Migrants: des "sas" de pré-orientation pour tenter de répondre à l'afflux vers Paris
27 sept. 2017Un migrant sur le trottoir dans le quartier de la Porte de la Chapelle, à Paris, le 29 juin 2017 / AFP/Archives
Des centres de pré-orientation pour rationaliser l'accueil des migrants: ce dispositif, censé répondre à l'engorgement des structures à Paris, fait grincer des dents parmi les associations, qui redoutent un "centre de tri", et chez certains élus.
QUEL EST LE DISPOSITIF PREVU?
Le préfet d'Ile-de-France Michel Cadot a annoncé lundi l'ouverture de plusieurs "lieux de pré-orientation" à destination des migrants qui errent dans les rues de Paris.
Un premier "sas", d'une capacité de 200 à 250 places, ouvrira "pour le 1er octobre", selon M. Cadot, qui n'a pas précisé le lieu exact. Mais selon des sources proches du dossier il s'agirait de Cergy (Val-d'Oise).
Un deuxième centre devrait ouvrir à Paris intramuros dans les prochaines semaines, puis un troisième dans un département francilien. A terme, il y aura "un centre par département" en Ile-de-France, soit six au total, précise-t-on à la préfecture.

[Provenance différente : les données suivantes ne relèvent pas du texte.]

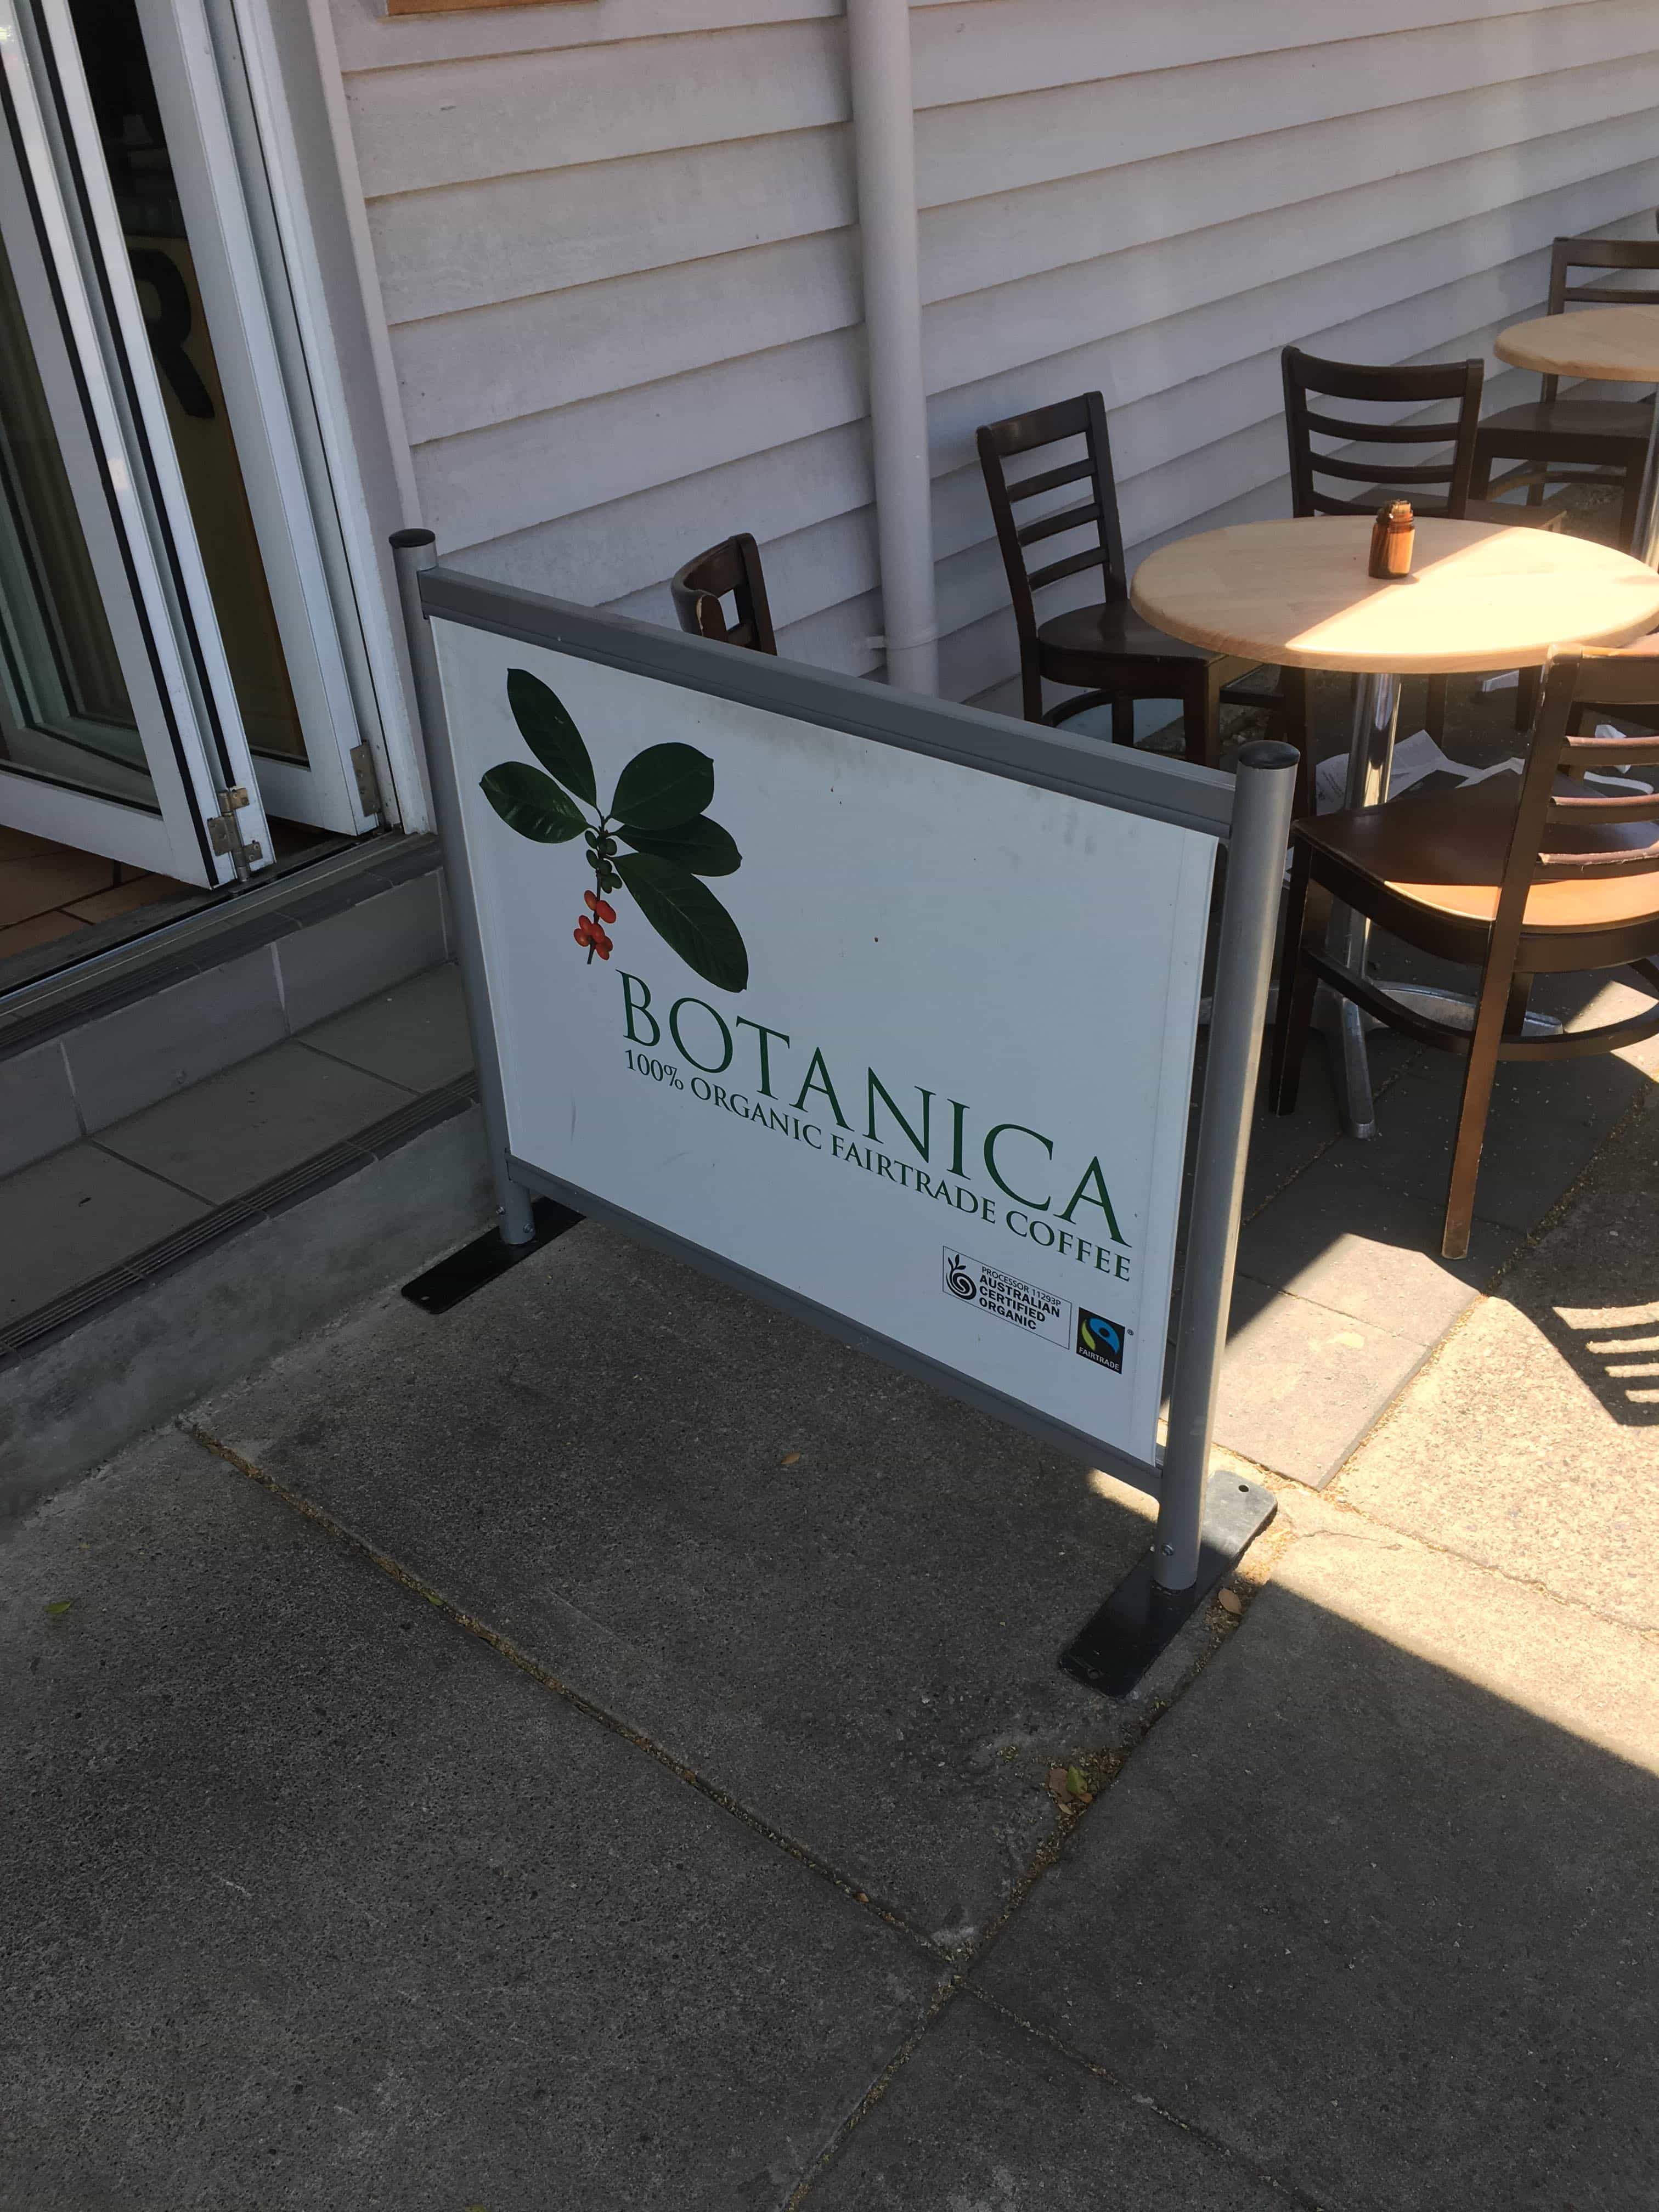 Botanica is one of many great cafe's just 500m from Black Fold. Photo taken by Property Mash 27/10/2016.

Grâce à des maraudes, les migrants seront amenés vers ces "sas" où leur situation administrative sera examinée, avec une répartition rapide ensuite vers des centres d'hébergement distincts selon qu'ils sont demandeurs d'asile, primo-arrivants, réfugiés...
Quant aux "dublinés" (ces migrants enregistrés ailleurs en Europe et qui ont "obligation de repartir rapidement" vers ce pays" selon le préfet), ils seront orientés vers des structures ad hoc (un millier de places ont été créées pour eux cet été en Ile-de-France).
L'initiative ne fait pas que des heureux: même si la décision vient de l'Etat, la présidente de la région Ile-de-France, Valérie Pécresse, a assuré que "ce n'est pas aux départements de la banlieue de subir les nuisances que Paris ne veut pas subir".
POURQUOI AGIR MAINTENANT?
Après trente-cinq évacuations en deux ans, il faut trouver une solution à l'errance chronique des migrants à Paris, où le centre humanitaire, unique en son genre, sature. "Il y a un millier de migrants dehors", assure François Sivignon de Médecins du Monde.
Mais la préfecture veut surtout répondre au double engagement d'Emmanuel Macron: n'avoir "plus personne à la rue" d'ici la fin de l'année, et procéder au traitement des dossiers de migrants "dès la première minute".
Cela suppose, pour les pouvoirs publics, de régler plusieurs points: ne plus surcharger un dispositif d'hébergement déjà enkysté, rationaliser la procédure d'examen des situations administratives qui ne va pas toujours à son terme à Paris, et enfin accélérer le transfert des "dublinés" -- le taux plafonnait à 10% l'an dernier.
Avec le nouveau dispositif, "les personnes sont davantage regroupées selon la nature de leur dossier", d'où une capacité à "mieux piloter la durée d'hébergement", a fait valoir M. Cadot.
Mais les associations dénoncent des "centres de tri", avec des conséquences claires pour les migrants: "Il y a une volonté d'accélérer la procédure d'asile pour mieux accélérer les renvois", estime Françoise Sivignon.
S'AGIT-IL DE DUPLIQUER LE CENTRE HUMANITAIRE PARISIEN?
Ouvrir des centres ailleurs en province est une demande récurrente des associations et de la maire de Paris Anne Hidalgo.
Comme le centre humanitaire, les "sas" de pré-orientation proposeront un accueil inconditionnel, de courte durée, avant une réorientation rapide.
En revanche "on ne sait pas qui gérera, s'il y aura comme à Paris un dispositif de santé, quelle sera la place des associations..." ajoute Mme Sivignon.
Mais la grande différence vient de l'examen de la situation administrative -- en ce sens, on est plutôt sur le modèle de deux nouvelles structures ouvertes dans le nord de la France cet été (centres d'accueil et d'examen des situations, CAES).
Or dans ces centres le "taux d'évaporation" atteint 50%, assure Jean-Claude-Mas de la Cimade, qui prévient: "si les gens se rendent compte qu'on contrôle, ils n'iront pas, ou il s'échapperont". Avec un retour à la rue.
Autre condition de succès, "ces centres ne peuvent être limités à la région parisienne", estime Pierre Henry de France terre d'asile, qui plaide pour une ouverture sur la route des migrants, notamment dans le couloir rhodanien.